Deep Learning is the branch of Machine Learning based on Deep Neural Networks (DNNs), meaning neural networks with at the very least 3 or 4 layers (including the input and output layers). But for some people (especially non-technical), any neural net qualifies as Deep Learning, regardless of its depth. And others consider a 10-layer neural net as shallow.

Convolutional Neural Networks (CNNs) are one of the most popular neural network architectures. They are extremely successful at image processing, but also for many other tasks (such as speech recognition, natural language processing, and more). The state of the art CNNs are pretty deep (dozens of layers at least), so they are part of Deep Learning. But you can build a shallow CNN for a simple task, in which case it's not (really) Deep Learning.

But CNNs are not alone, there are many other neural network architectures out there, including Recurrent Neural Networks (RNN), Autoencoders, Transformers, Deep Belief Nets (DBN = a stack of Restricted Boltzmann Machines, RBM), and more. They can be shallow or deep. Note: even shallow RNNs can be considered part of Deep Learning since training them requires unrolling them through time, resulting in a deep net.

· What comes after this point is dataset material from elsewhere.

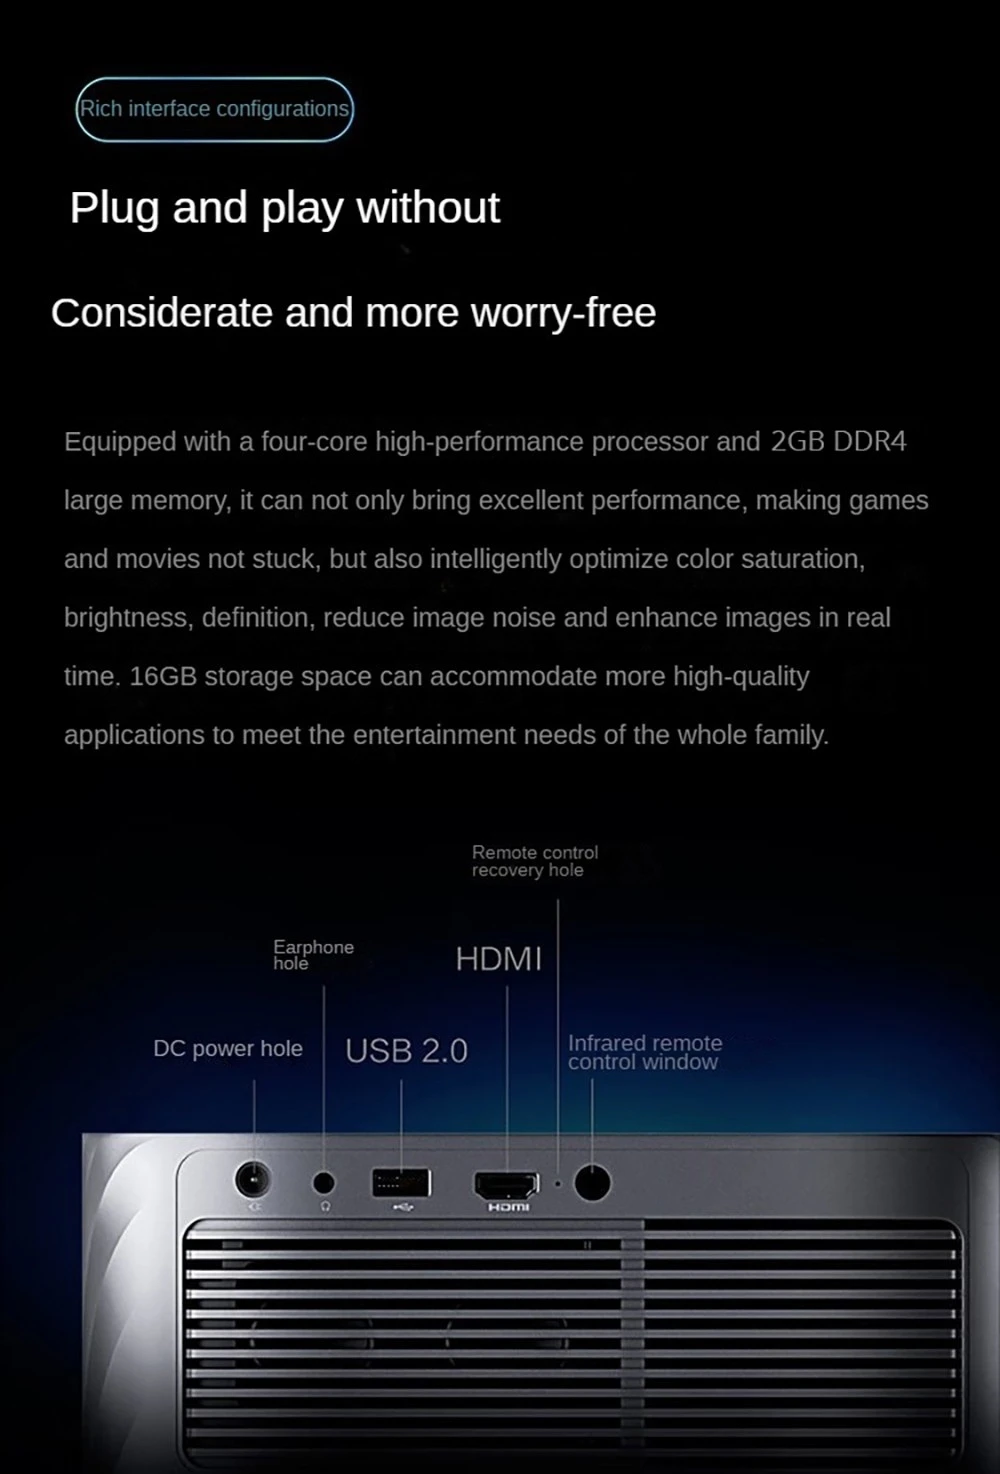 โปรเจคเตอร์ Lenovo Xiaoxin 100, 1080P 700ANSI Lumens 2GB + 16GB WiFi 6 Bluetooth 5.0 การแก้ไขภาพสี่เหลี่ยมคางหมูอัตโนมัติ - สีดำ

edited May 04 '19 at 11:24

answered Sep 14 '16 at 06:03

MiniQuark

1,930
3
16
29

@MiniQurak. Please correct me i am wrong. what I understand is CNN is just one the architectures of deep nets just like Autoencoders, Deep Belief Nets, Recurrent Neural Networks (RNN).. is it correct? – Aadnan Farooq A Sep 14 '16 at 08:13
Yes, that's correct. – MiniQuark Sep 14 '16 at 08:19
then can we can say which architecture is better depending on the dataset? or what are the key factors? – Aadnan Farooq A Sep 14 '16 at 08:32
2

CNNs are great for image recognition tasks. They also shine whenever the data has some form of hierarchical structure, with local patterns (eg. line segments) assembled into large patterns (eg. squares, triangles), assembled into larger patterns (eg. house, plane). This works well for speech recognition tasks. RNNs are great for time series (eg. predicting the weather), and generally handling sequences of data (eg. sentences). They are used a lot for NLP (natural language processing). AutoEncoders are unsupervised, they learn patterns in the data. – MiniQuark Sep 14 '16 at 08:40
Are autoencoders necessarily deep? I thought their defining property was that they approximated their input as output via _at least one_ hidden layer narrower than the input, but that could be the single hidden layer. – MSalters Sep 14 '16 at 08:47
I have seen many papers that used CNN for the resolution enhancement of the satellite images. That's why I am curious that why it's not possible to use other architecture for that . – Aadnan Farooq A Sep 14 '16 at 08:51
In theory you could use a deep neural network with many fully connected layers, but (1) it would have way too many parameters, and (2) it would be incredibly long to train. CNNs solve this by only partially connecting consecutive layers. Imagine 300x200 pixel images: thats 60,000 pixels. Imagine that your first layer has 1,000 neurons. If it's a fully connected layer, you now have 60 millions weights, just for the first layer. That said, it is possible to classify small images using other network architectures than CNNs. – MiniQuark Sep 14 '16 at 15:08
For example, the following code classifies MNIST images (28x28 pixels) using an RNN that looks at one row at a time: https://github.com/aymericdamien/TensorFlow-Examples/blob/master/examples/3_NeuralNetworks/recurrent_network.py – MiniQuark Sep 14 '16 at 15:09
@Firebug Thanks for your feedback, I updated my answer to make that clearer. – MiniQuark May 04 '19 at 11:29
1

Alright then :) – Firebug May 04 '19 at 17:06

score 25 · Answer 2 · edited Jan 17 '17 at 14:55

Within the fields of adaptive signal processing / machine learning, deep learning (DL) is a particular methodology in which we can train machines complex representations.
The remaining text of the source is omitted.